In the listing below, a line holding "テールライト Chevrolet Tahoe" and a line holding "平成最後のお年玉キャンペーン! 美容専用ホームページが最大31%OFF" mark the range. Retype both exactly, with all lines between them.
___ ENTRIES SUPPLIED ___
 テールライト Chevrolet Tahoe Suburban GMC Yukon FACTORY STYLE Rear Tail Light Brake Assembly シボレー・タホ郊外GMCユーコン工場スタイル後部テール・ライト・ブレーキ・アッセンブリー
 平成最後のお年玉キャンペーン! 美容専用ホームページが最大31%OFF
___
___ ENTRIES SUPPLIED ___
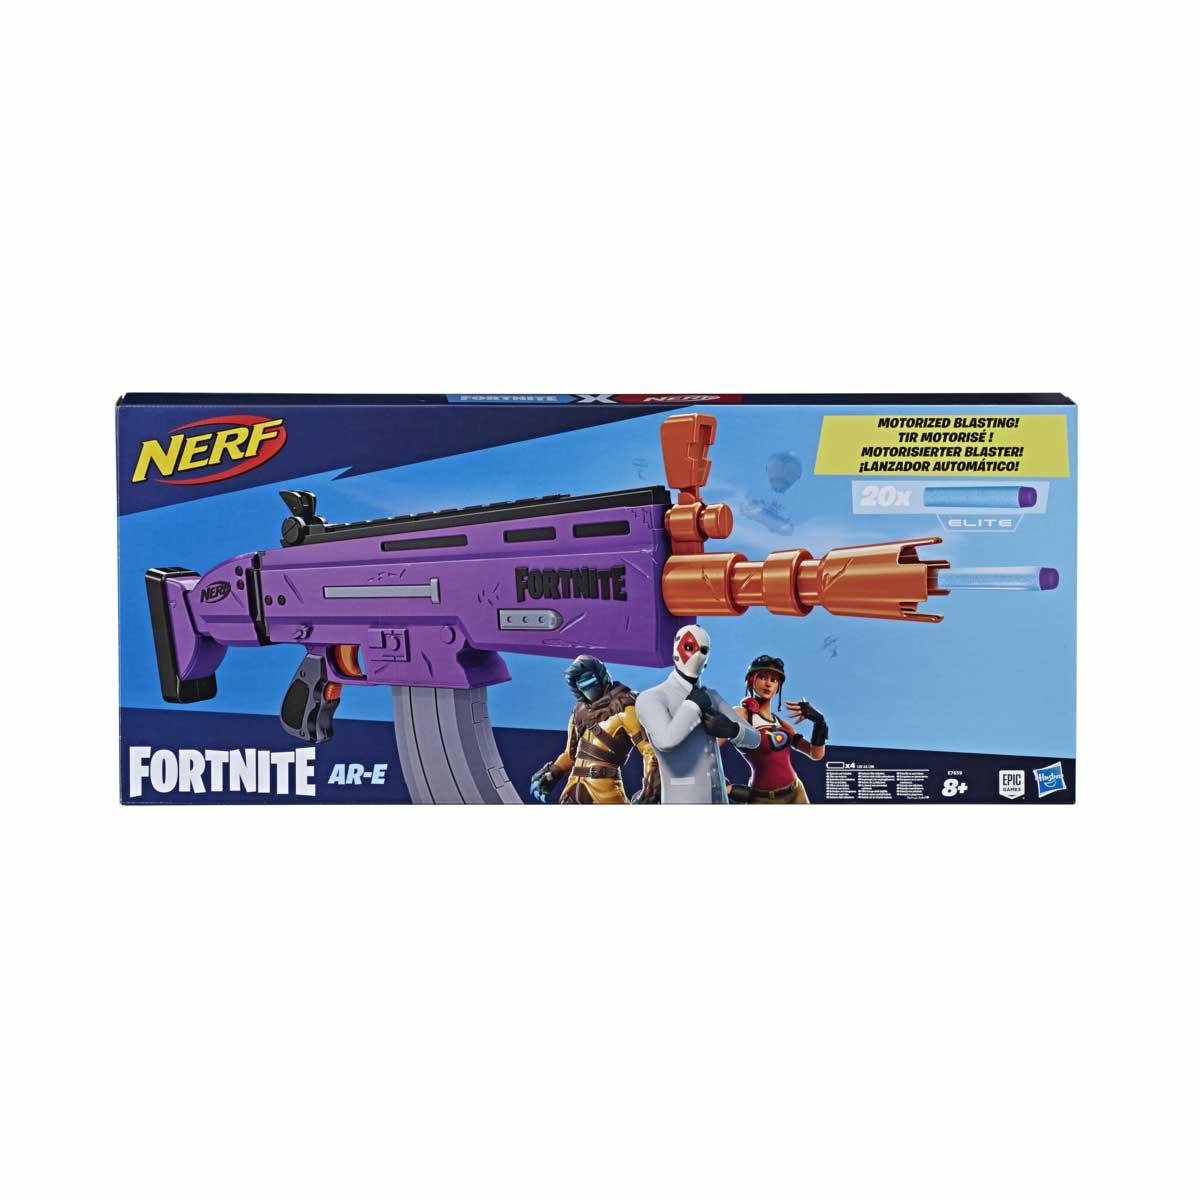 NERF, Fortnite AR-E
___
> [ANSWER SPACE]
 テールライト Chevrolet Tahoe Suburban GMC Yukon FACTORY STYLE Rear Tail Light Brake Assembly シボレー・タホ郊外GMCユーコン工場スタイル後部テール・ライト・ブレーキ・アッセンブリー
 平成最後のお年玉キャンペーン! 美容専用ホームページが最大31%OFF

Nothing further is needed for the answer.